The Journal’s charges made front-page news. Only a pre-publication leak allowed NIH director Harold Varmus and CDC director David Satcher to publish their indignant defense the next week. In an unlikely spectacle, Republican Sen. Dan Coats stood up for poor Africans to oppose Satcher’s nomination for surgeon general. (Ultimately, the Senate Labor Committee approved Satcher 12 to 5.) Johns Hopkins researchers suspended an Ethiopian study with placebos. Other suspensions may follow.

Ethics, the critics insist, demand that U.S. researchers provide the American standard of care to Third World subjects to avoid exploitation. But they don’t. The critics’ arguments seem reasonable only if they ignore the facts:

This isn’t Tuskegee. In Tuskegee, doctors sought no public review, had no clearly beneficial aim, and deceived patients into getting no treatment. By comparison, the HIV trials were reviewed extensively and approved by local governments and the World Health Organization. The experimental therapies may offer great benefit. And some subjects receive placebos because, unlike penicillin for Alabama, the full AZT regimen is out of reach for poor countries.

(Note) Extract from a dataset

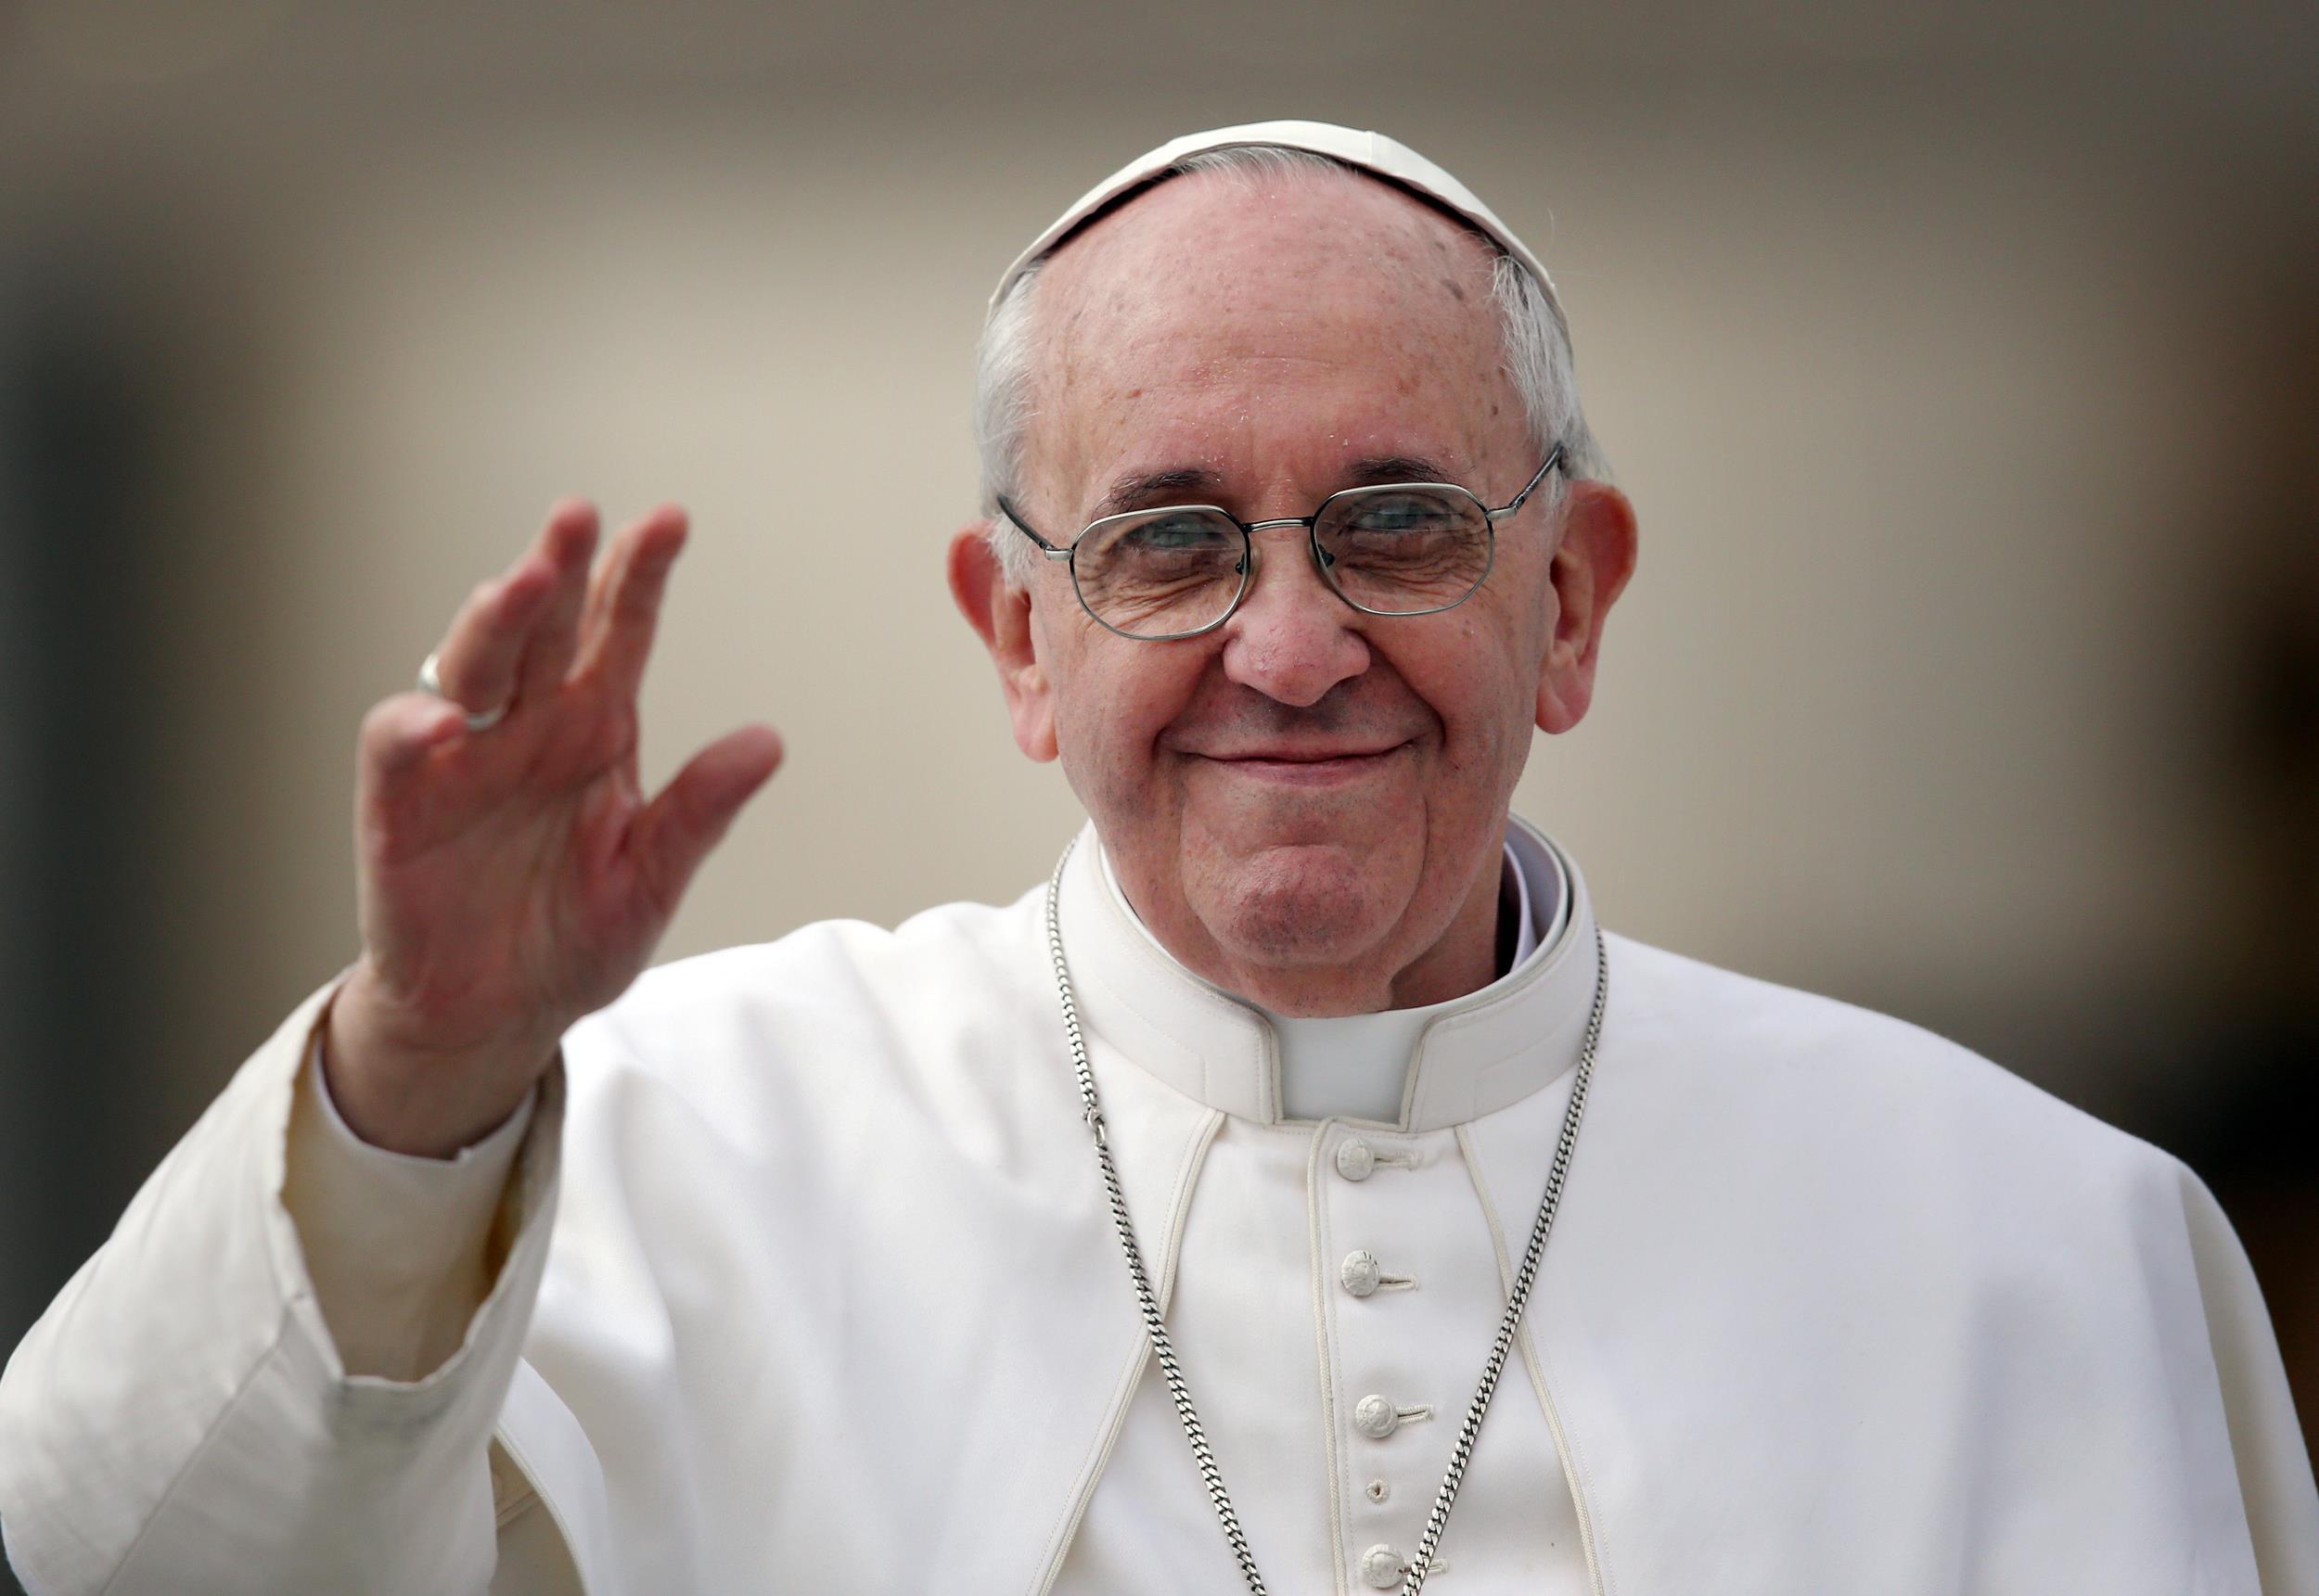 140527-pope-francis-930a_7c376809e99a01f79b0787e1a223e8d0

The complete AZT regimen isn’t coming. By 2000, 6 million pregnant women in developing nations will carry HIV. Critics are right that a complex AZT regimen would be best for them. It is the standard of care. So are CAT scanners and heart-bypass surgery. But poor countries aren’t going to get any of these. Cost is a big reason–these countries typically spend under $20 per person on health care annually. But even if Glaxo Wellcome gave away the drugs, the complete regimen is still infeasible in much of Africa and south Asia. There, tubing and skills for intravenous AZT are scarce. The governments can’t afford to give moms formula to stop them from breast-feeding. Mothers also live too far from doctors to get therapy early in pregnancy and to keep up with necessary monitoring.

Something may be better than nothing. If trials compared low-cost therapy to the complete AZT regimen it’s likely that the new regimens will prove less effective. But such results are useless, since the full treatment is not an option. Without a placebo group, we still won’t know if any of the treatments are better than nothing and therefore worth giving.

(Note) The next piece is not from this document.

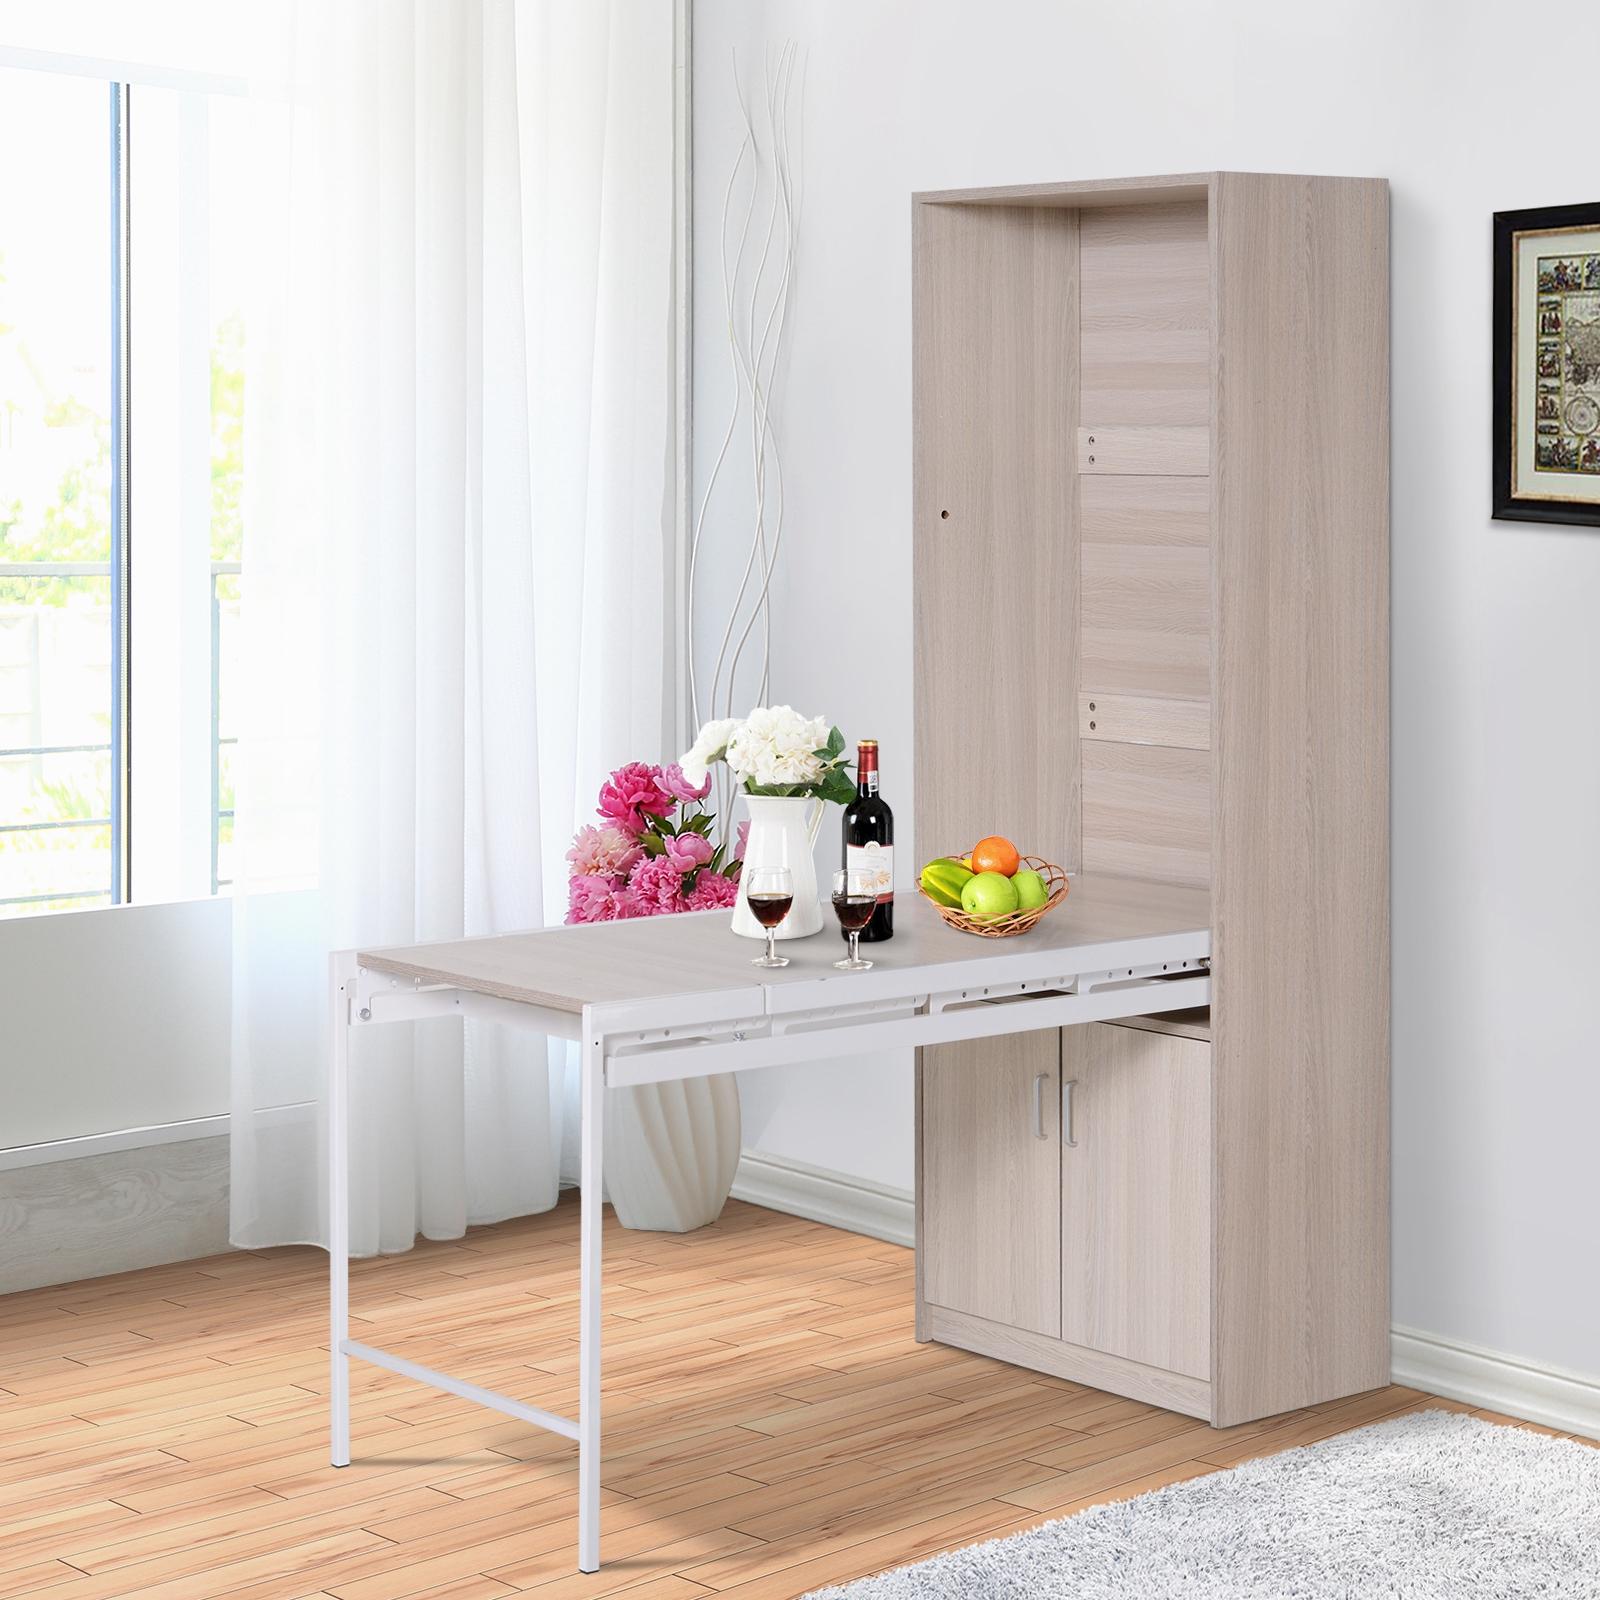 Homcom 2 In 1 Storage Bookcase W Drop Leaf Table Freestanding Oak Wood Color Ebay

We’ve been here before. These issues aren’t new. Cheap oral hydration, for example, has been studied and used to treat dehydration for diarrheal illness in developing countries. It works–but not as well as intravenous hydration. Far from condemning its use as unethical, however, doctors have embraced oral hydration as the model of locally appropriate therapy. Similarly, poor countries won’t adopt a new rotavirus vaccine, despite 600,000 deaths a year from diarrhea caused by the bug. Inoculating every child at $30 a dose would divert scarce resources from even better uses.

The core issue is whether it is ethical for Americans to conduct Third World studies seeking therapies cheaper and perhaps inferior to our own. It can be, but only if: 1) Subjects get the best care feasible locally (they do). 2) It’s done for local benefit (measuring a new therapy against placebo isn’t useful for the West; we’d switch only if it were as effective as the more complex therapy). 3) The new regimens are themselves feasible (at costs from pennies to $60 per patient, they seem to be). 4) The American standard is unavailable for legitimate reasons (I’ve already mentioned all the obstacles).

For the folks at Public Citizen, this last criterion really sticks in their craws. It offends them to see researchers accepting the high cost of American medical care as a given. Could drug companies lower their costs? Maybe, maybe not. But this is not the way to debate free-market pricing of technology. Don’t stop the research. Acknowledging reality isn’t unethical, but ignoring it can be.